Места их оказались в четвертом купе, где первоначальное впечатление ухудшилось ещё больше. Полки были деревянными! И столик оказался деревянным, и окно закрывалось на какие-то древние шпингалеты. Ещё наличествовали беленькие шторки на окне, на которых извилистой голубой линией были изображены, видимо, волны, а по ним плыл схематичного вида кораблик, разумеется, с пятиконечной звездой на парусе.

— Интересно, в каком бомбоубежище они этот состав дополнительный откопали? — хмуро поинтересовалась Светлана, но на дальнейшие упрёки её сил, наверное, не хватило. К тому же неожиданно быстро появился проводник с постелью. Вид он имел, конечно, заспанный, но зато был в форменном кителе. Тоже, правда, отнюдь не новом. Эдакий пенсионер-железнодорожник на подработке.
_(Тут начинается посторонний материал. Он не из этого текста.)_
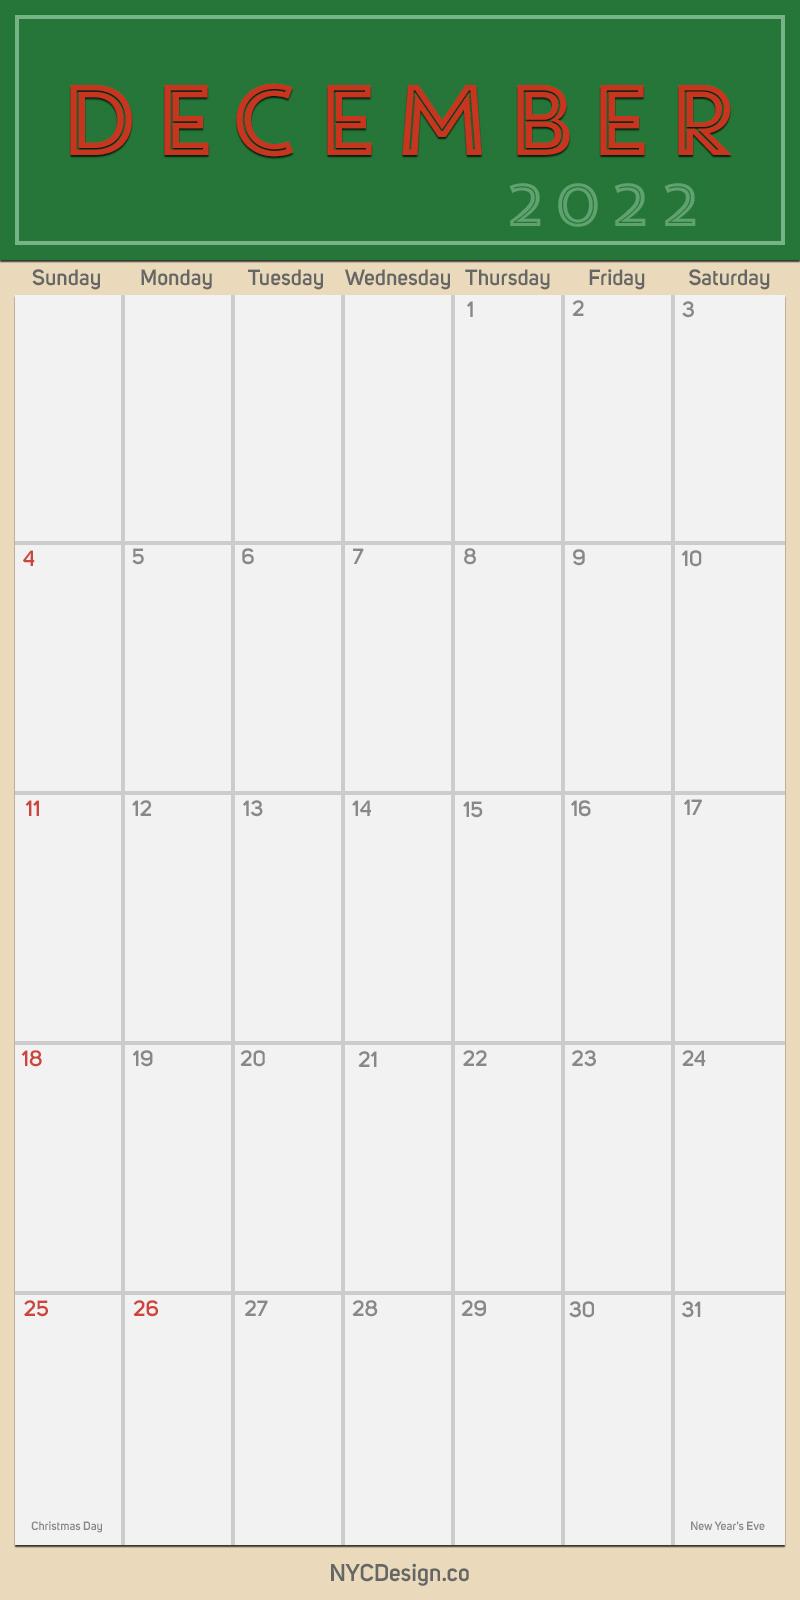 2022 December - Monthly Calendar, Planner, Printable Free ...
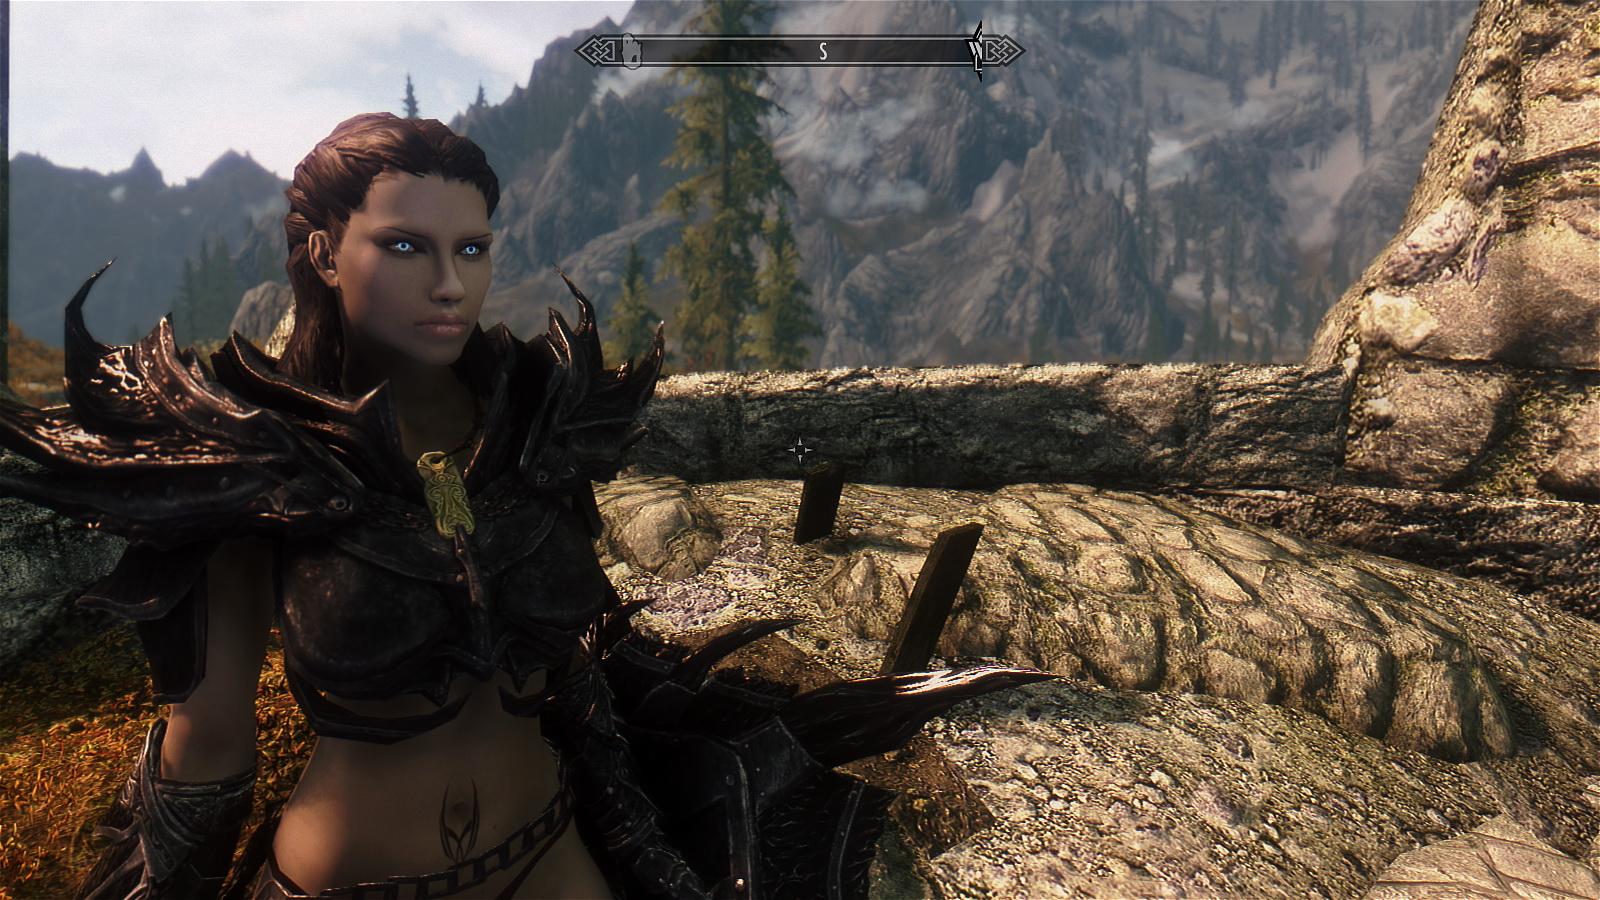 Screenshot1852.jpg - Elder Scrolls 5: Skyrim, the

— Чаю не хотите? — поинтересовался он дежурно.

— Да какой уж тут чай, — махнул рукой Борис, — не удивлюсь, что он окажется каким-нибудь грузинским года выпуска эдак шестидесятого.

— Обижаете, — вздохнул человек в форме, — снабжение у нас вроде ничего. Да и пассажиров в вагоне почти нет.

— Что так?

— Да поезд-то сами видите, — не первой, как говорится, свежести. В расписании его нет. И потом — сядут ещё, станций впереди ещё много, везде тормозим…

Короче говоря, с чаем решили повременить. Машка уснула сразу, едва только постель постелили, Светлана ещё поворочалась, потом затихла тоже. Борис же полежал-полежал, и вышел в тамбур покурить. Что-то томило душу, что-то происходило не так, не в том формате, какая-то непонятная тревога накатывала. Уюта, что ли, не было в этом составе, особого какого-то пассажирского уклада. Впрочем, вполне возможно, что всё это — обыкновенная дорожная нервотрёпка, да ещё с непривычки, на поезде он не ездил давно, к тому же со всем семейством.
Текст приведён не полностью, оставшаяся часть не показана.